It had emerged that a problem arose with the electricity the previous day, as the owner of the unit where the tap was situated, Mark Dembo, had new cupboards installed in the kitchen. An electrician had drilled through some of the electrical wires in the wall, damaging the Earth wiring.

Michael’s mother, Samantha Dempsey, subsequently instituted a claim for more than R3 million against the electrician, Dembo, the body corporate, and the contractor commissioned to replace the cupboards, Allan Carr, who traded as Mr Cupboard.

Carr sent two workers to start with the refurbishment on the day before the incident. They damaged the electrical wiring when they drilled into the wall. Carr then contracted an electrician to fix the problem.

Suraksha Ramlakan, who rented the unit from Dembo at the time and requested the refurbishment, told the court that when she got home later that day, she received an electrical shock when she tried to open the taps in the unit.

She contacted Etienne Mynhardt, who was Dembo’s employee and represented him, to immediately attend to the problem. When nobody came that day, she switched off the electrical supply to the unit.

The next day when she went to work the supply was still switched off.

When she returned later, she witnessed the child being severely shocked.

It is suspected that the two workers who did the refurbishment, had switched-on the electricity supply that day to continue with their work.

Mynhardt meanwhile told the court that he had phoned Dembo the night before Michael was injured and told him about the electrical problem.

But Dembo denied this and said if he knew about the problem, he would have immediately instructed a qualified electrician to repair the damage.

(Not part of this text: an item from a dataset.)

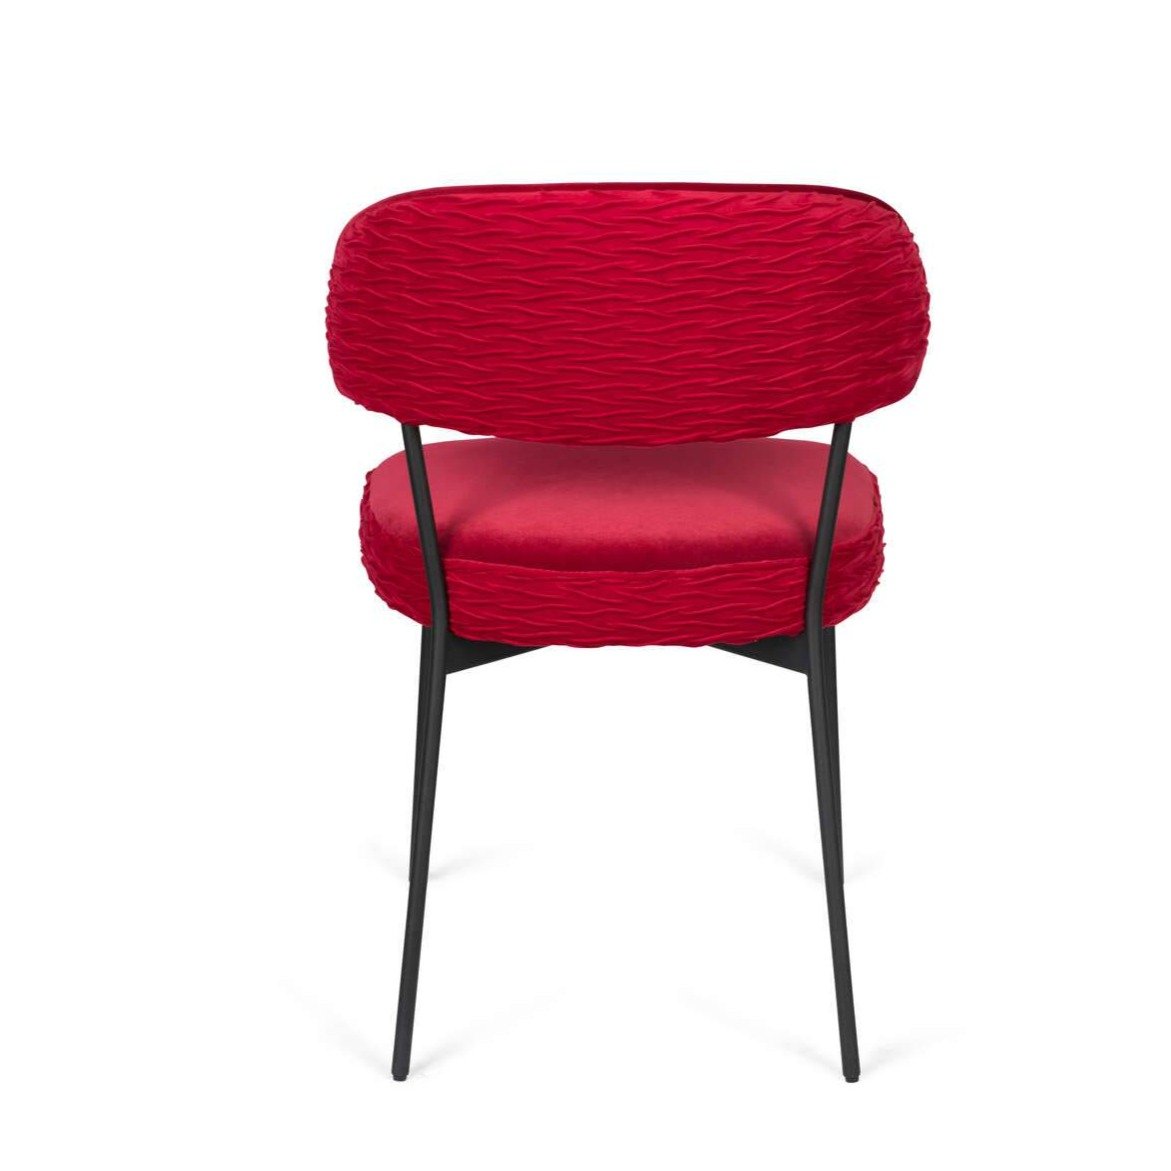 We present a dining room chair, which should not miss the dining room chairs: our Bold Monkey the Winner Takes It All chair. A simple, modernist design was made here in a clear range of shades: boldly choose from these stunning colors.

He said he only became aware of the problem after Michael was injured.

Judge Anthony Millar found that Mynhardt did not speak the truth when he said he phoned Dembo the previous evening so that the problem could have been sorted out immediately.

But, the judge reasoned, an employer was in law vicariously liable for the negligent acts of his employee. The judge said although Dembo voiced his unhappiness with Mynhardt’s conduct in the past, he continued to employ him, thus, as his employer, he must be held liable for Mynhardt’s conduct.

Judge Millar also ordered that Carr must pay half of whatever amount Dembo is ordered to pay, as Carr’s workers contributed to the child’s injuries by switching on the power the next day. The amount of damages will be determined at a later stage.